AI is rapidly reshaping many industries and gaming is one of them. A recent “Anonymous” innovation allows AI to understand video games from just gameplay’s screenshots. Let us now find out more information about this and what are the concerns surrounding this new tool.
Highlights:
- A new model named VideoGameBunny has been introduced by anonymous researchers.
- It can now comprehend in-game environments from static images and answer questions based on them.
- This model has the potential to revolutionize game player experiences but also raises concerns about enabling cheating mechanisms.
Say Hi to VideoGameBunny
AI companies are constantly working on vision models and one of the best industries to try them out is Video games.
Large Language and Vision Assistant, abbreviated generally as LLaVA, is a model that integrates visual augmentation into large language models.
VideoGameBunny is a LLaVA-style model that helps users understand video game images. It can look at game screenshots and give its description or answer any questions related to it within seconds.
This model makes gaming more accessible. It was built on an architecture called Bunny and trained on an extensive dataset comprising 185,259 game images from 413 titles, along with 389,565 image-instruction pairs that include image captions, question-answer pairs, and a JSON representation of 16 elements of 136,974 images.

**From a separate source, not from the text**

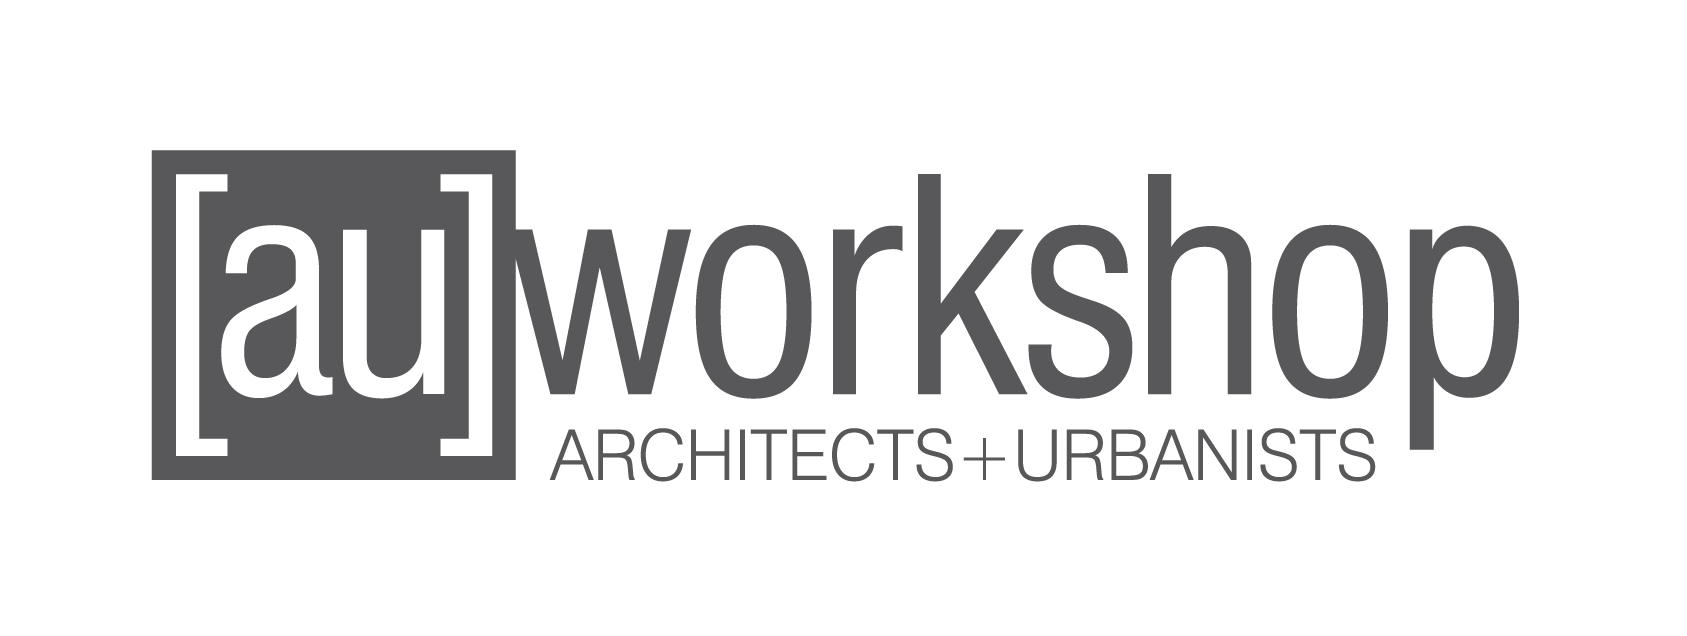 [au]workshop: Architects + Urbanists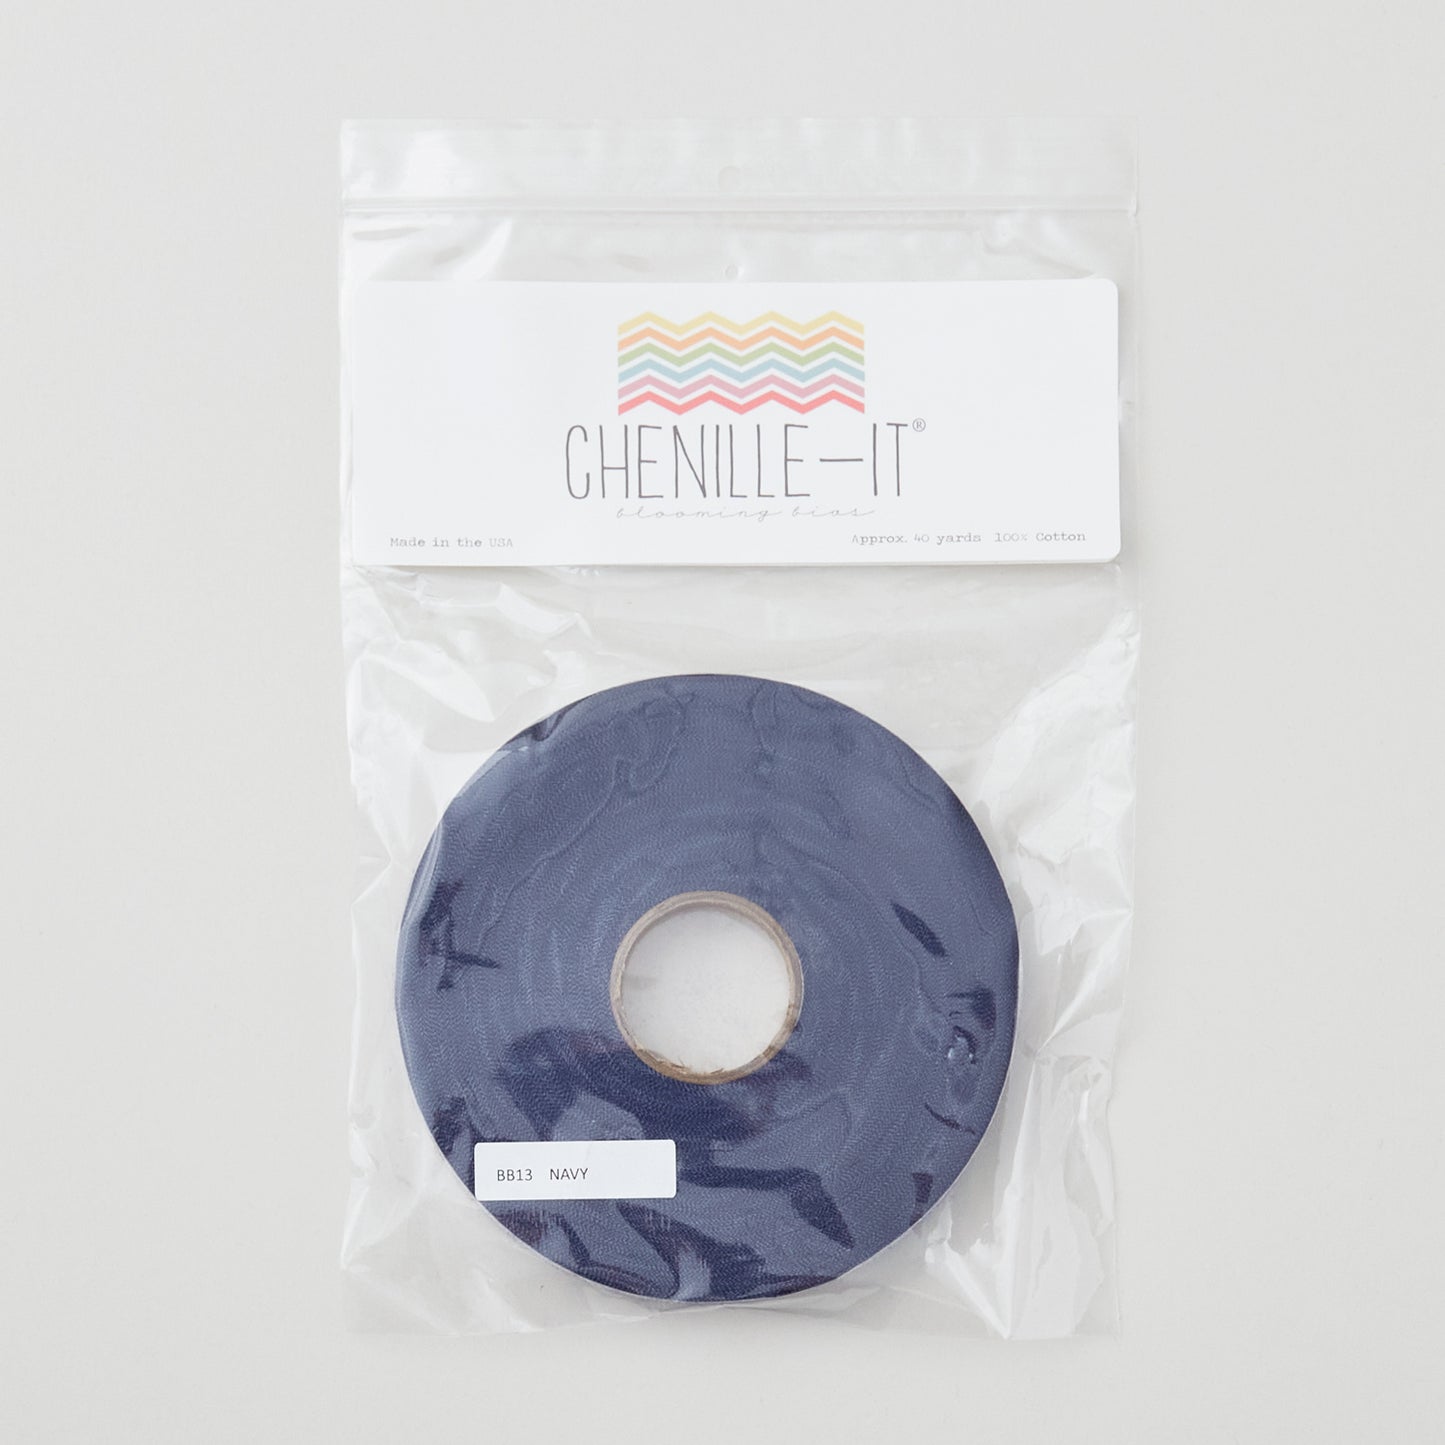 Chenille-It Blooming Bias Sew & Wash Trim - 5/8" Navy Alternative View #1

The anonymous researchers released two VideoGameBunny models weighing 4 and 8 billion parameters. The entire code and dataset is now available on GitHub. Not just the code, but the training data, and logs are publicly available as well for other people to do further research.
How does it work?
VideoGameBunny is a very advanced and accurate model in comparison to others like Bunny and LLaVA despite being almost 4x smaller in size. This is because it is specially trained for gaming purposes, it can understand the nuances that exist well. Here is a small screenshot of the model comparison in image captioning:
You can see how the other models give some inaccurate descriptions (highlighted in red) of the attached image. On their evaluation dataset, VideoGameBunny has achieved an accuracy of 85.1% whereas Bunny scored 73.3% and LLaVA’s 34B model has reached close to 83.9%.
This shows how well VideoGameBunny was developed. It excels in Video Game understanding and image captioning. The researchers want their model to pave the way for more advanced AI assistants in video game understanding, playing, commentary, and debugging.
The best part is that this AI is not limited to one game, but can be used as an AI assistant for gamers.
While VideoGameBunny might be a useful tool for some, it can be used for cheating. The developers were aware of this fact as they wrote:
“The short-term implications for the gaming industry include enhancing the productivity of game testers and enhancing quality assurance processes. One possible negative impact of such advancement is the facilitation of in-game cheating. As AI models become more adept at understanding game contents, there is a risk that they could be used to create sophisticated cheating tools.”
So, It is intriguing to find out what people use this new tool to build – is it good or bad? Only time will tell us.
In a similar interest in the video game niche, Google has made SIMA AI, which is trained in various gaming environments with the help of natural language instructions from users.
Conclusion
AI is a powerful tool and like anything in the world, it can be used for good and bad. This new VideoGameBunny is also a similar case. While it offers exciting prospects for enhancing player experiences and streamlining development, it also brings the risk of empowering cheats. In the end, everything is in our hands.